Here's something I'm working on rainy days, it's the classic R/M Galactica upgraded with the SMT kit and a ton of scrap styrene and stuff from my spare parts box. I bought it cheap already built, which has made fitting the SMT panels kind of challenging. Because it was built I'm not tearing into the pylons to make them thinner. Everything you see that's NOT light aircraft grey was added to the hull. Still got a way to go, but with out first hurricane of the season on the way I may have more (or less) free time!


----------



## mactrek (Mar 30, 2004)

Got any side shots of the detail?


----------



## PhilipMarlowe (Jan 23, 2004)

mactrek said:


> Got any side shots of the detail?


Here ya go!


----------



## mactrek (Mar 30, 2004)

Not bad!! Thanks Philip! Keep us posted on your progress ... and I hope all the hurricanes avoid you this year!!


----------



## El Gato (Jul 15, 2000)

I hope the hurricane misses you, pal. I've got another friend who retired and now lives in St. Augustine, so I always worry about you guys during this time of the year.

I wanted to get the SMT parts from Federation Models last week but they ran out (_D'OH!_). It looks like the add-on parts are worth it, so thanks for posting the pics!

José


----------



## Dave Hussey (Nov 20, 1998)

Are Federation Models going to be getting more of these parts to supe-up the BSG? I've got one still in the shrink-wrap.

Looks really great!

Huzz


----------



## PhilipMarlowe (Jan 23, 2004)

Thanks Jose & Dave! 
All the SMT panels aren't installed yet, I've got about ten more to apply to the pylons and landing bays. They are nice, however they really call attention to the less detailed areas of the kit not addressed by the panels. If you are really going to do a Galactica you are probably going to want to cannabalize some other kits for greeblies. Since mine was probably built by a small child(or a drunk adult!), it had major seam and alignment problems that the greeblies help hide and disguise.

If mine hadn't already been built, I would have used one of these, it's a fiber optic lighting kit I found at Michaels in the floral section for $6.00! It runs off 2 AAA batteries, the fibers are 12" long.

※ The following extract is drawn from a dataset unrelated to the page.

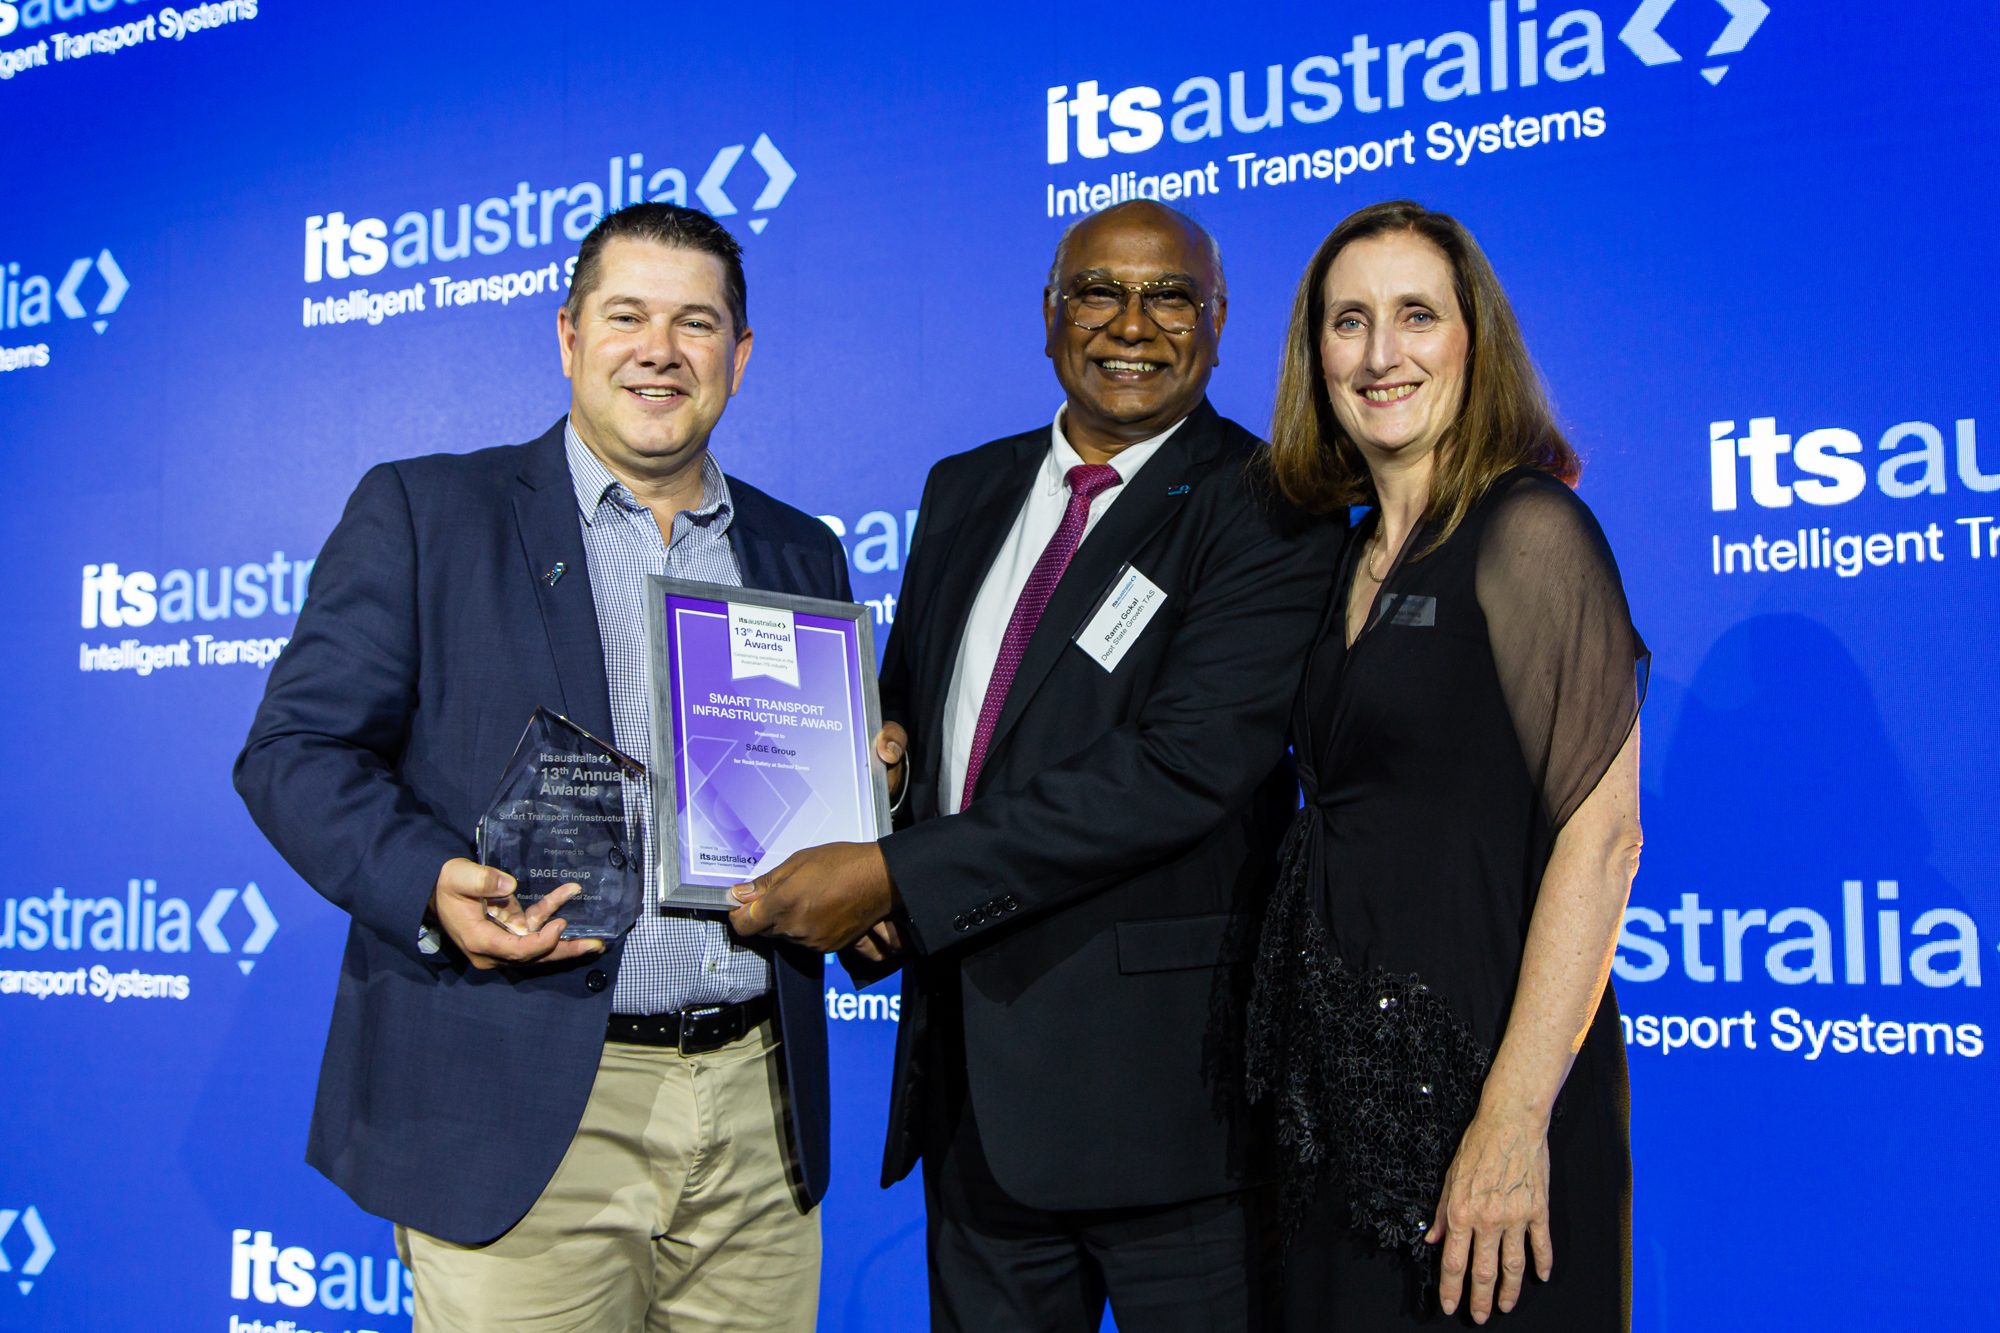 Damian Hewitt, SAGE Group and Ramesh Gokal, Tasmanian Department of State Growth accepted the Smart Transport Infrastructure Award from Susan Harris, ITS Australia.

From looking at the BSG TOS DVD for reference, I think fiber optics would do nicely at this scale, the _Galactica_ wasn't near as lit up on the DVD as I remembered! The next one will have lights!


----------



## El Gato (Jul 15, 2000)

I hope Federation Models gets more in. I need my BSG upgraded, dammit....

Thomas Models used to have "greeble" parts, but I never got around to ordering them. I'm kind of a weird modeler, Philip. I tend to buy only the models I want to build, so I don't have anything lying around to cannibalize. I just barely got around to doing some kitbahing after 20+ years of modeling, but it's with a PL TOS E, so I'll only have smooth parts left over. Maybe there's a radio or a computer I can thrash, er, make a futile attempt to "fix"... :lol:

José


----------



## PhilipMarlowe (Jan 23, 2004)

El Gato said:


> I hope Federation Models gets more in. I need my BSG upgraded, dammit....
> 
> Thomas Models used to have "greeble" parts, but I never got around to ordering them. I'm kind of a weird modeler, Philip. I tend to buy only the models I want to build, so I don't have anything lying around to cannibalize. I just barely got around to doing some kitbahing after 20+ years of modeling, but it's with a PL TOS E, so I'll only have smooth parts left over. Maybe there's a radio or a computer I can thrash, er, make a futile attempt to "fix"... :lol:
> 
> José


I watch the clearance racks at Michaels and Target for cars and airplanes, you can find them for less than three bucks sometimes. And a lot of the "panels" are the square number tabs from leftover sprue trees. A few swipes of a coarse squadron stick file off the numbers, a few more can change the shape for variety, then cut them to fit a gap with sidecutters.


----------



## El Gato (Jul 15, 2000)

Are you using photos to figure out where you're enhancing Galactica or are you going by what looks good for right now?

José


----------



## PhilipMarlowe (Jan 23, 2004)

El Gato said:


> Are you using photos to figure out where you're enhancing Galactica or are you going by what looks good for right now?
> 
> José


What looks good to me and my fuzzy memory, and where I can jam something in!


----------



## El Gato (Jul 15, 2000)

Thomas built up a Monogram Galactica, so I'll be using it for reference. His pictures can be found here.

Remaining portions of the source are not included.